O Código Penal não diz o que é imputabilidade, dizendo, ao contrário, o que é inimputabilidade, nos arts. 26, 27 e 28, § 1º. Assim, para saber se o agente do fato típico e ilícito era imputável, é necessário verificar se não era inimputável, com base nas normas penais permissivas exculpantes mencionadas.

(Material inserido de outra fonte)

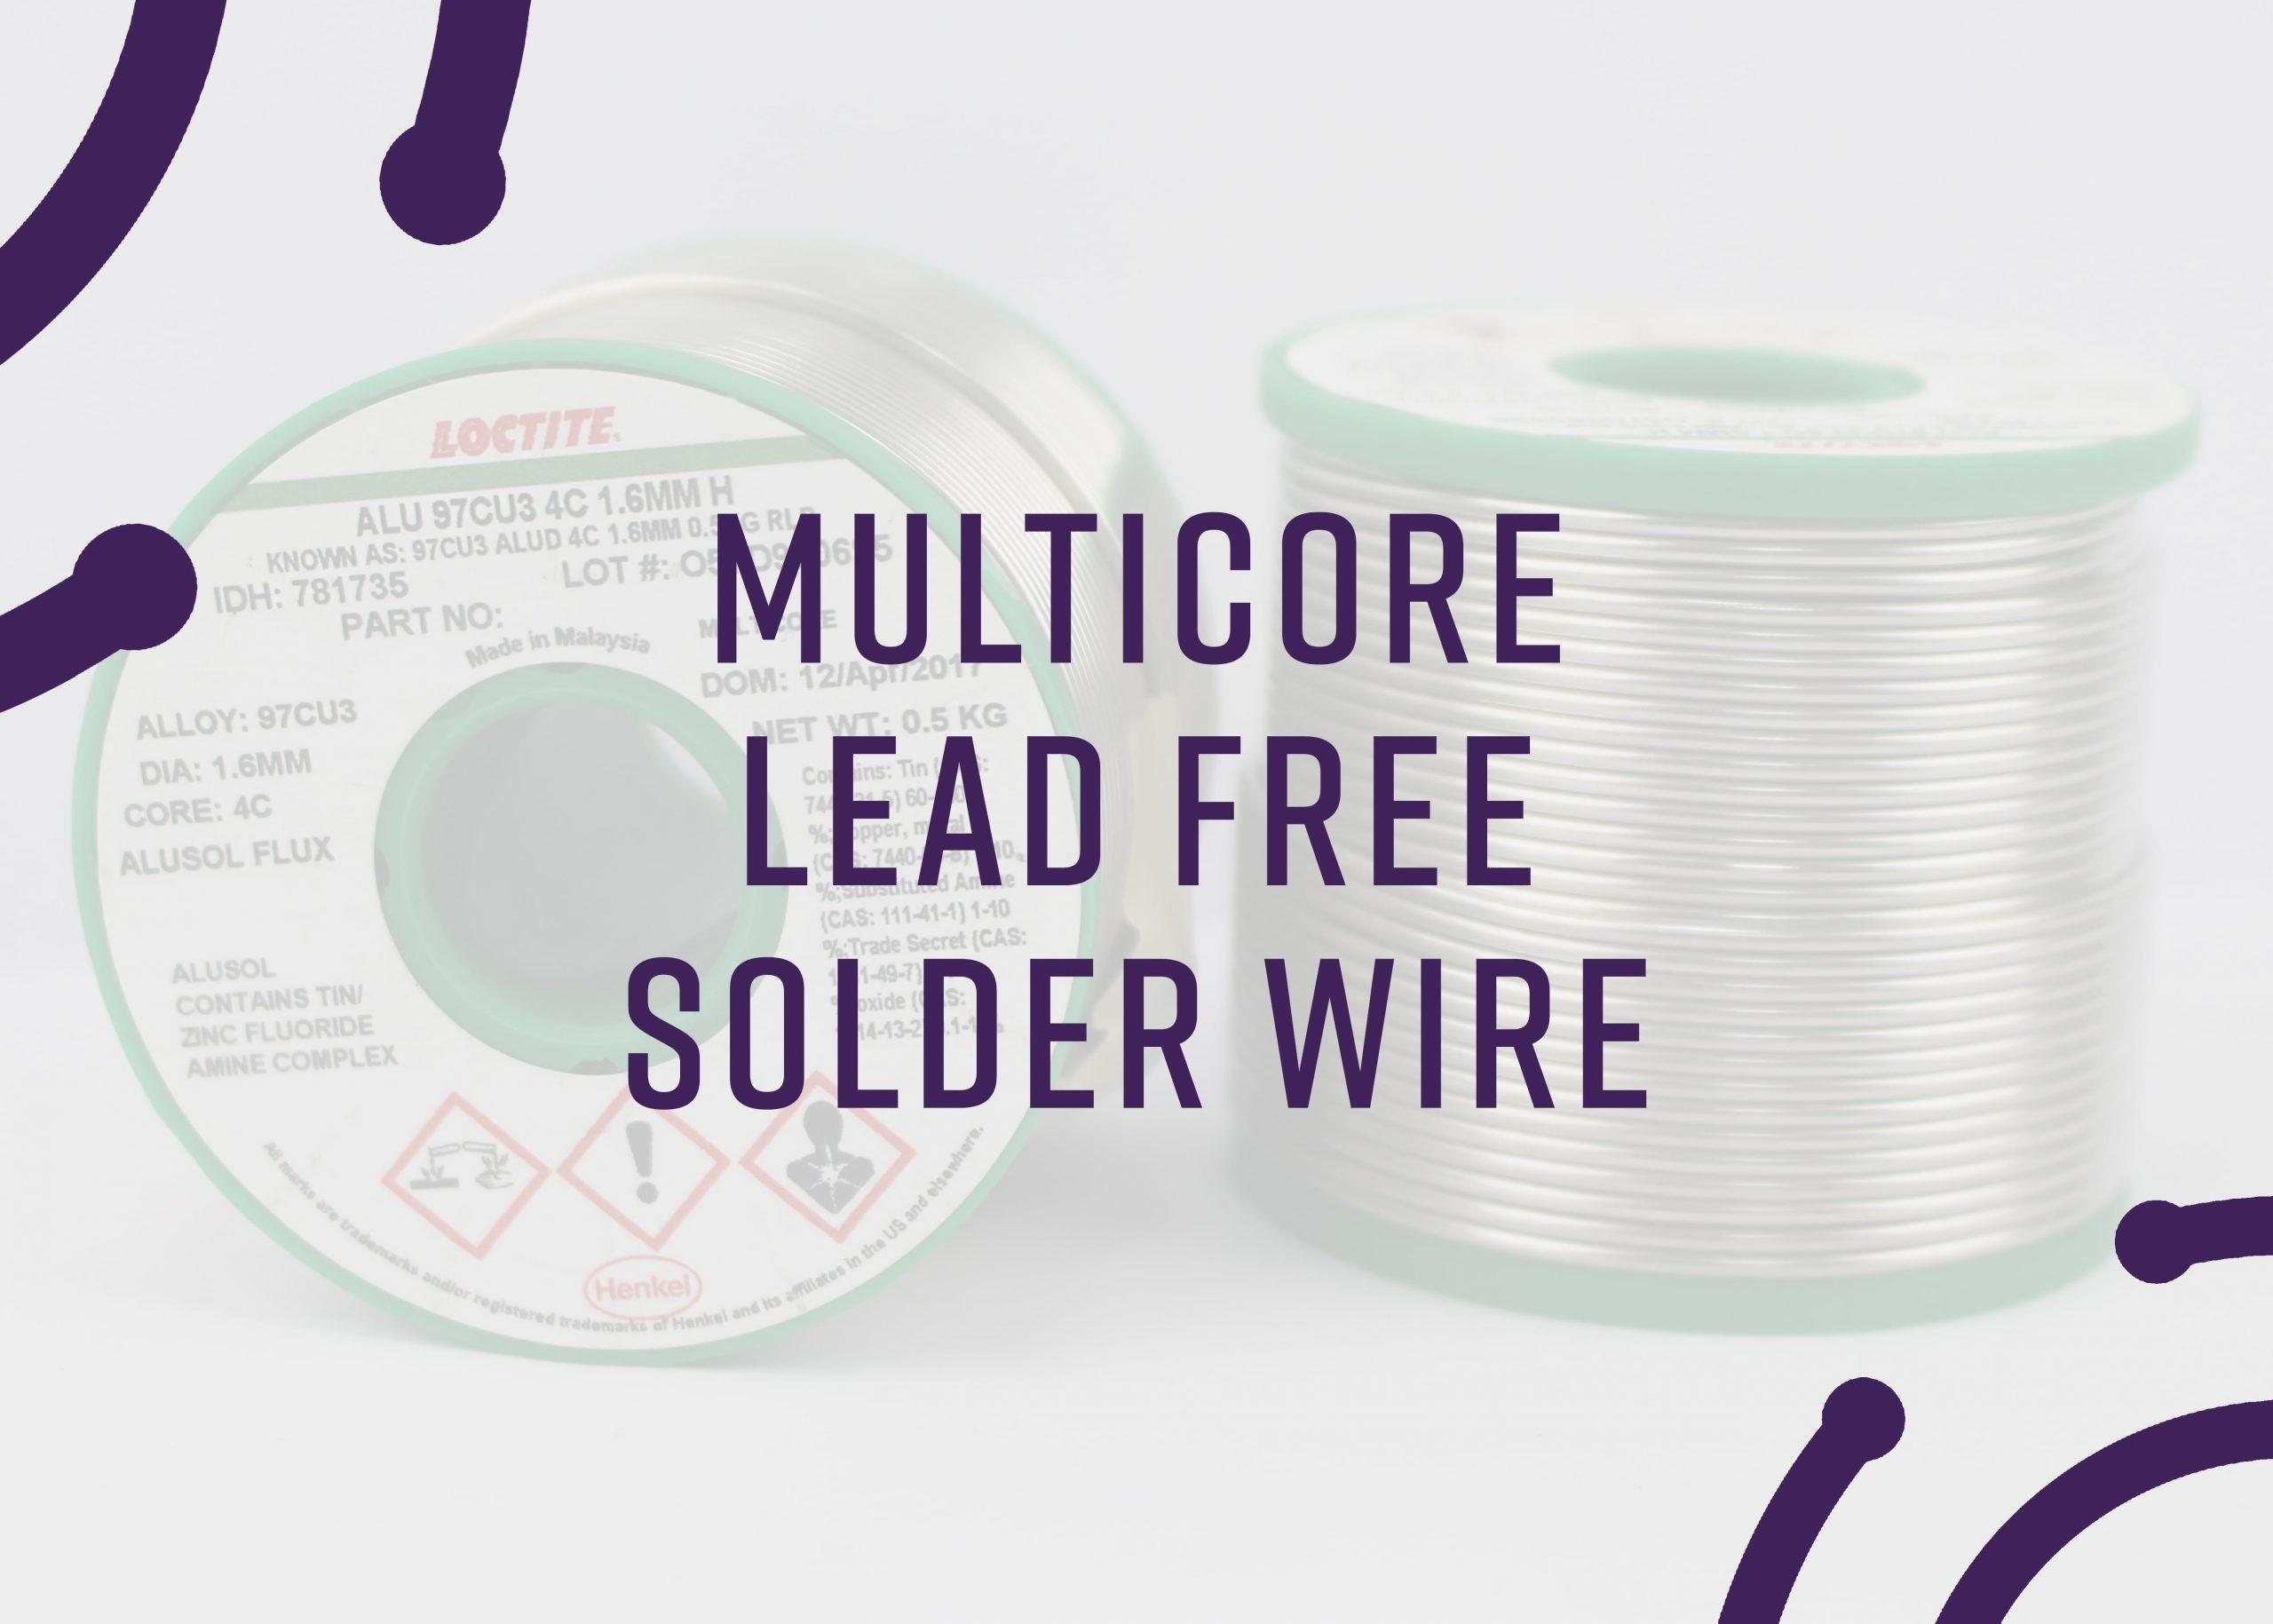 multicore lead free solder wire, multicore solder, lead free solder
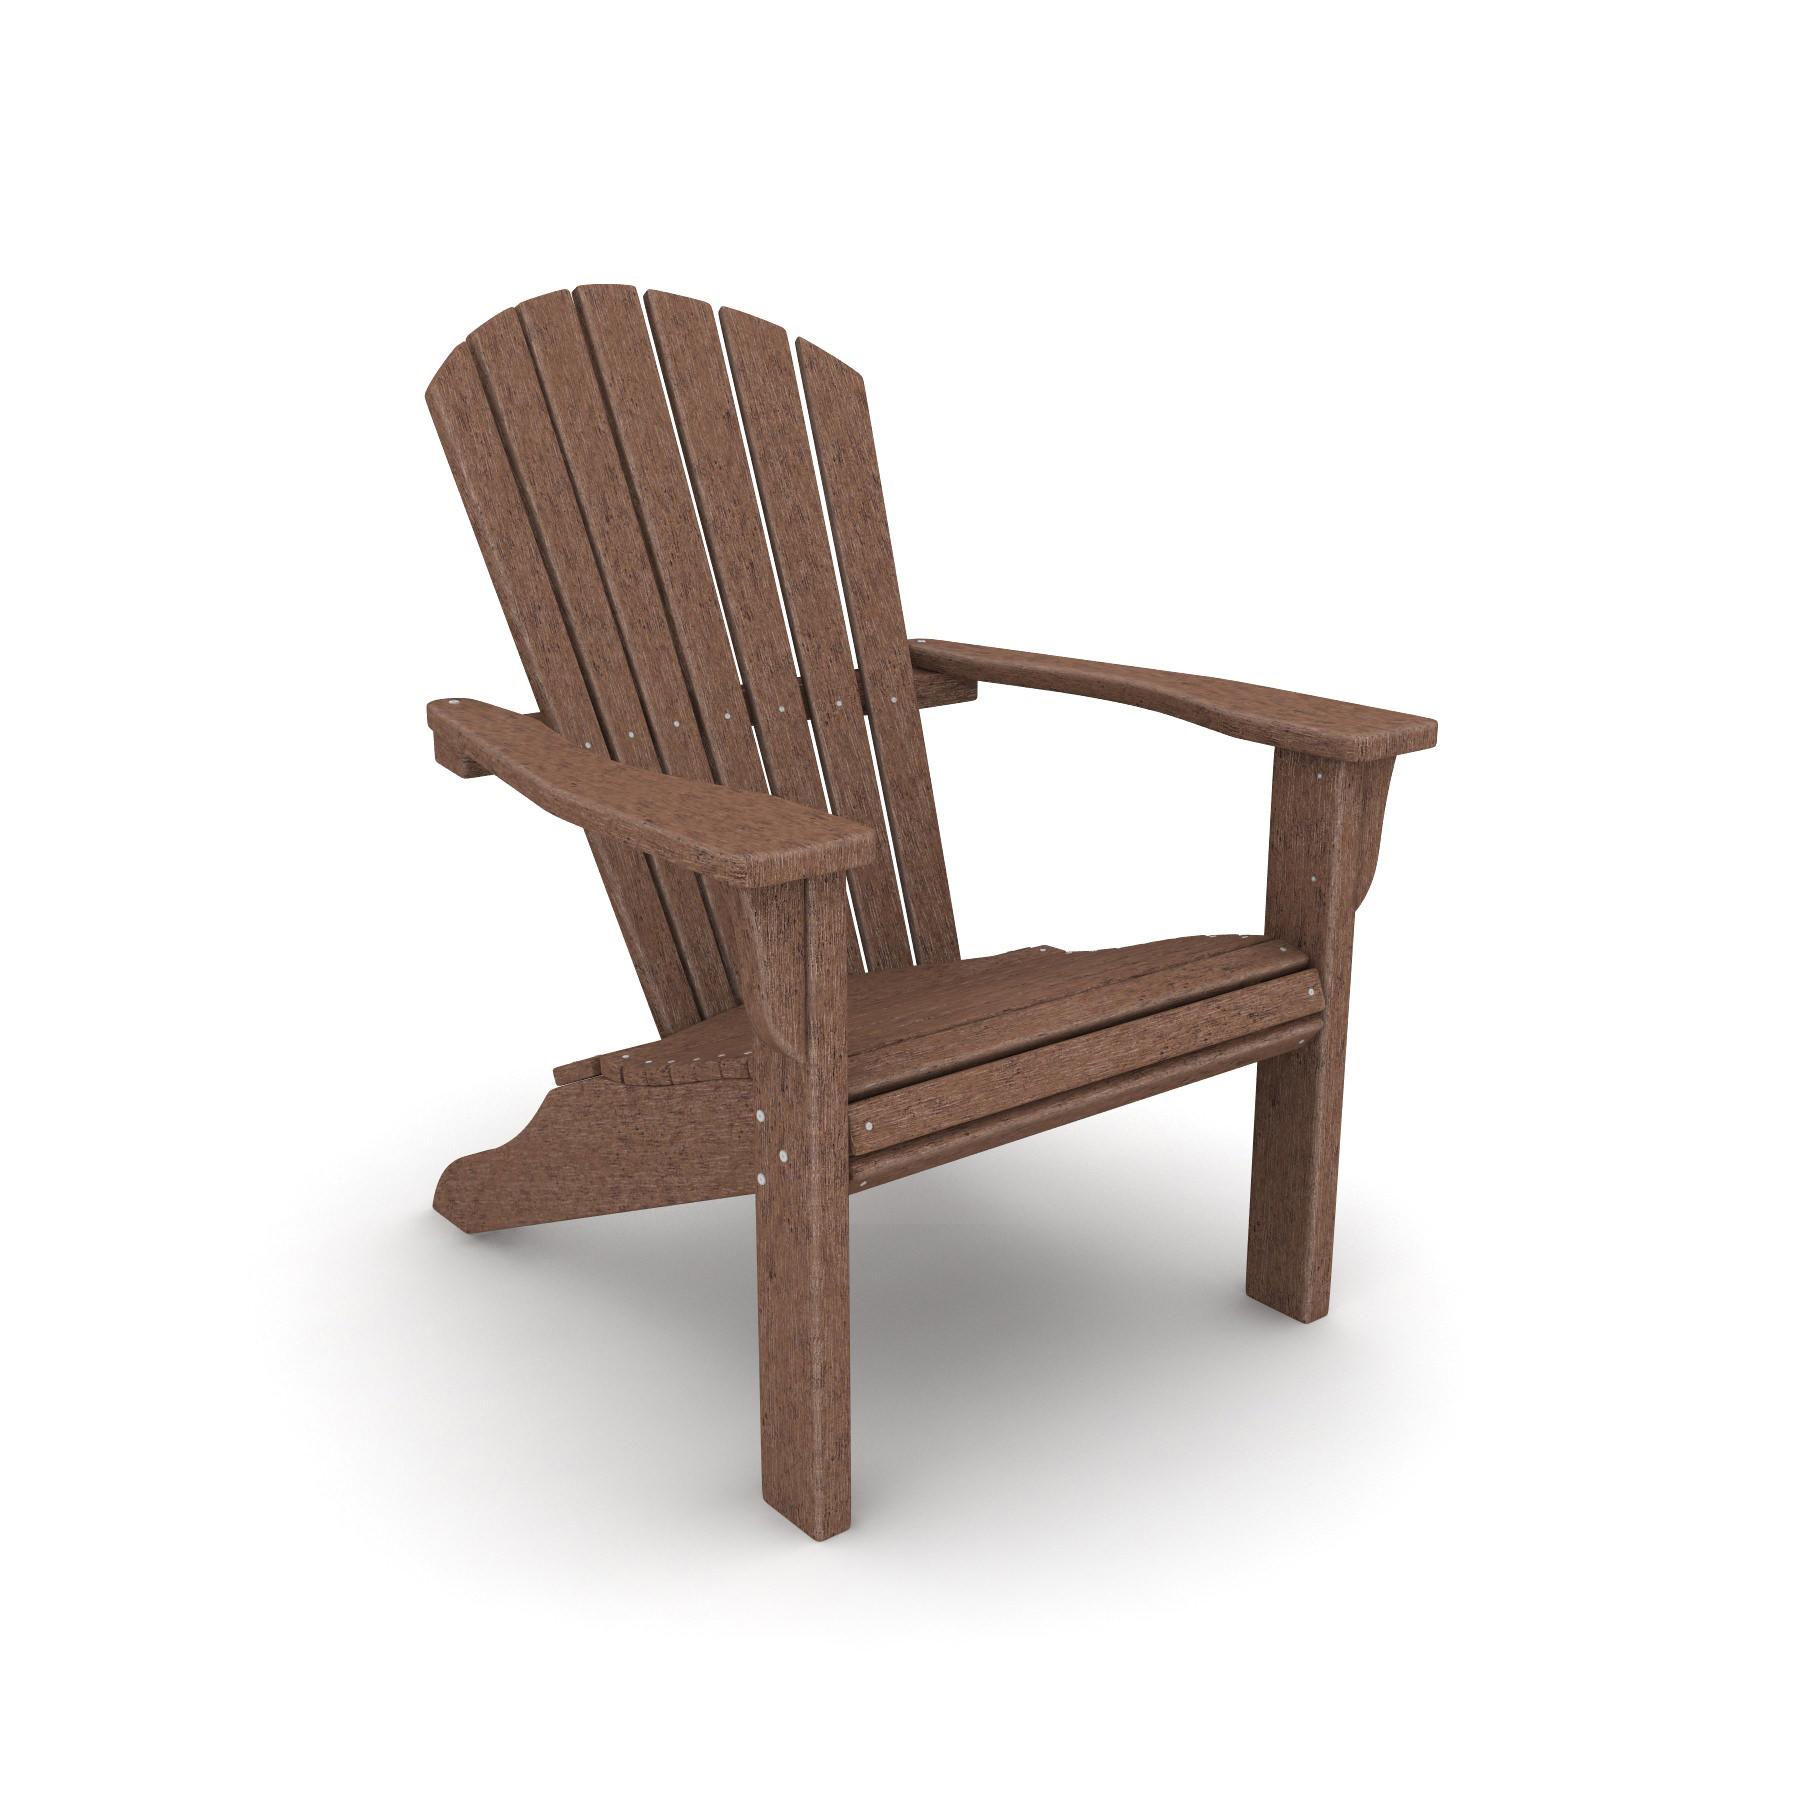 Buy Loggerhead Original Adirondack Chair Premium Poly Patios

Ali estão os requisitos para aferição da inimputabilidade. Ausentes, o agente será imputável, capaz de responder por seus atos, perante a justiça penal.
São três as espécies de inimputabilidade, conforme seja seu requisito causal: a primeira é a decorrente de doença mental, desenvolvimento mental incompleto ou retardado; a segunda, causada pela menoridade do sujeito, e, finalmente, a proveniente de embriaguez completa, fortuita ou por força maior.
Dispõe o art. 26:
“É isento de pena o agente que, por doença mental ou desenvolvimento mental incompleto ou retardado, era, ao tempo da ação ou da omissão, inteiramente incapaz de entender o caráter ilícito do fato ou de determinar-se de acordo com esse entendimento.”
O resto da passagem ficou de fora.